Suppose $x=x(t)$. Let $dx$ and $dt$ be 1-forms.
Does there exist a rigorous theorem for converting $dx=f(t)dt$ into the derivative ("fraction") expression $\frac{dx}{dt}=f(t)$?
Is this possible in general for other possibly multivariate functions (or does it require that $x$ is only a function of $t$). Or is this just false?
My guess is that by the linear independence of the basis differential form dt, it is possible to expand in the following manner and simply equate coefficients of $dt$.
$dx=\frac{dx}{dt}dt$
Therefore, $\frac{dx}{dt}=f(t)$.
As I commented, you want to think of a mapping $x\colon\Bbb R\to\Bbb R$. Using $t$ as a coordinate on the domain and $u$ on the range, you pull back $du$ by the mapping $u=x(t)$. Then you get $dx = x^*du = x'(t)\,dt$. Setting this equal to $f(t)\,dt$, you have $x'(t)\,dt = f(t)\,dt$, whence $x'(t)=f(t)$.

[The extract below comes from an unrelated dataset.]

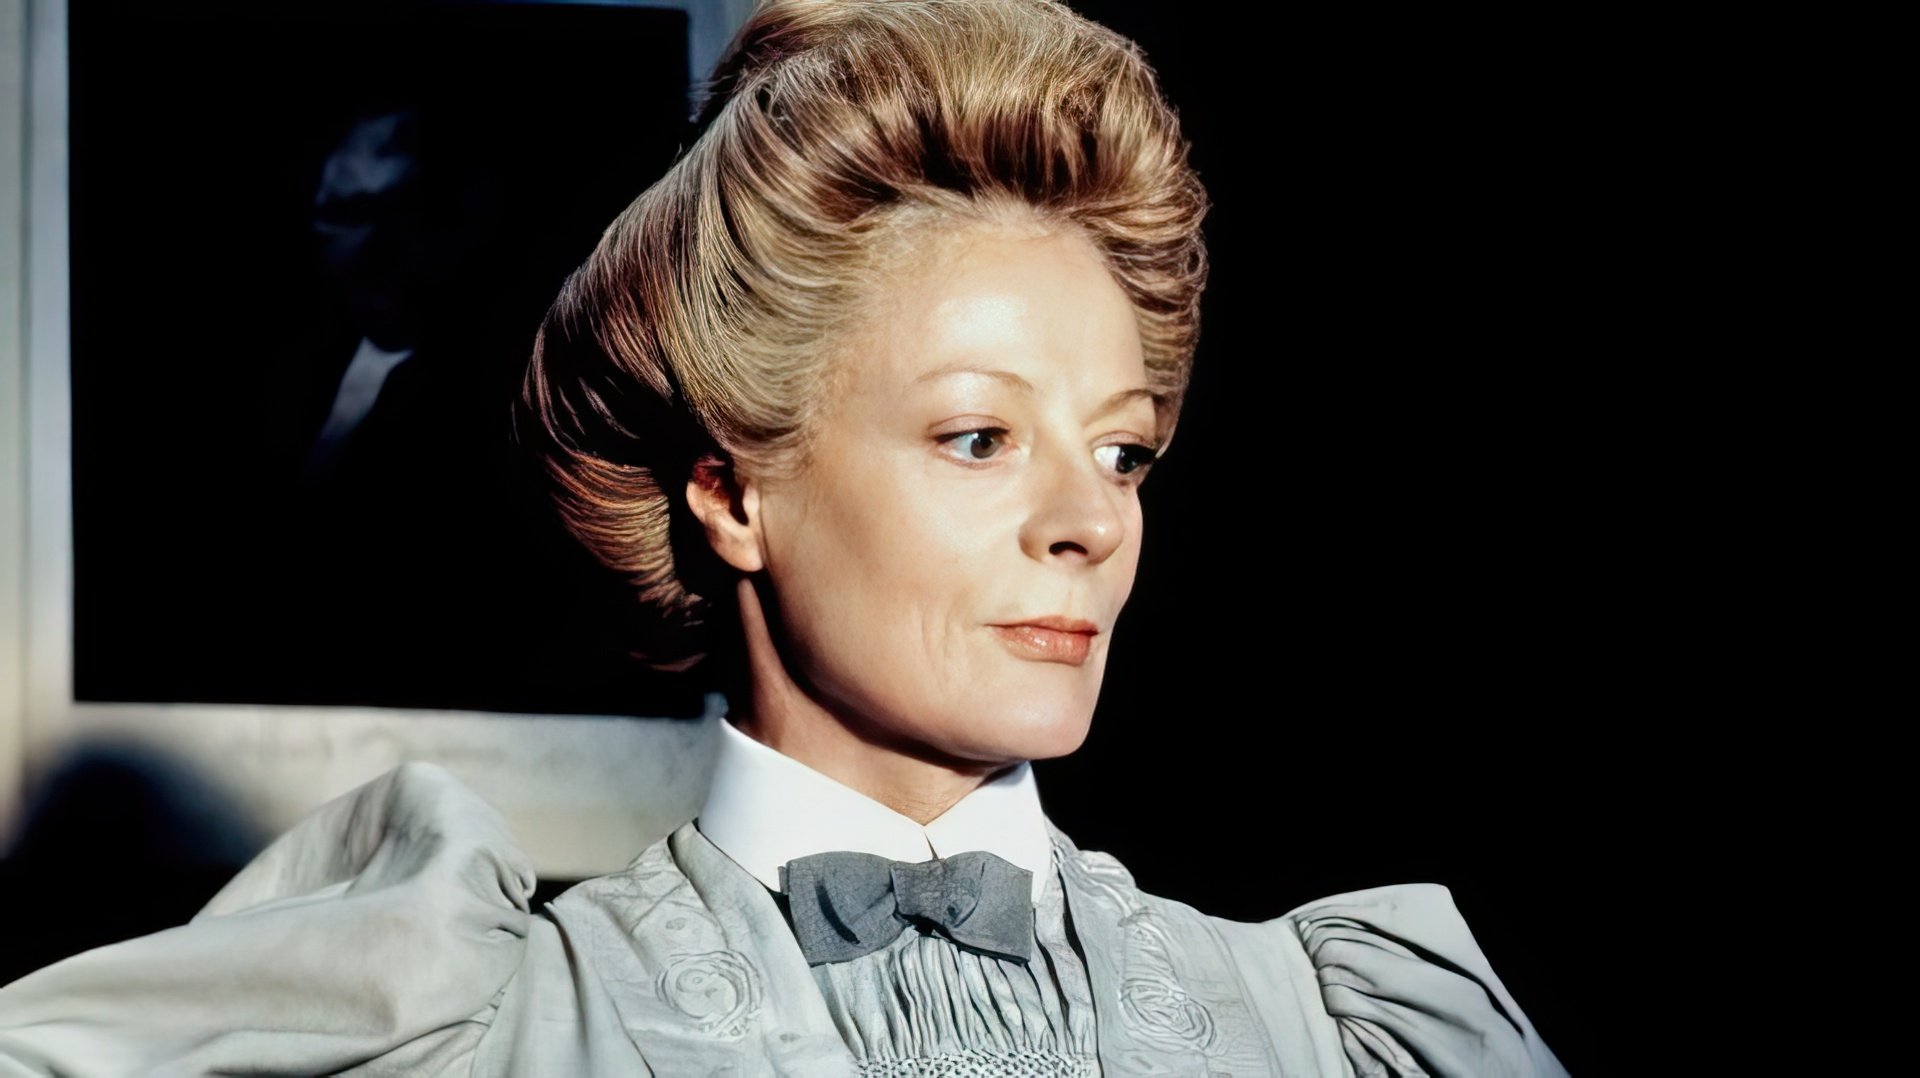 Maggie Smith in A Room with a View

You asked about the multivariate situation. Consider, for example, $$dx = P(u,v)\,du + Q(u,v)\,dv.$$ Then this reduces likewise to the equations $$\frac{\partial x}{\partial u} = P(u,v) \quad\text{and}\quad \frac{\partial x}{\partial v} = Q(u,v).$$ Can you make the analogous argument?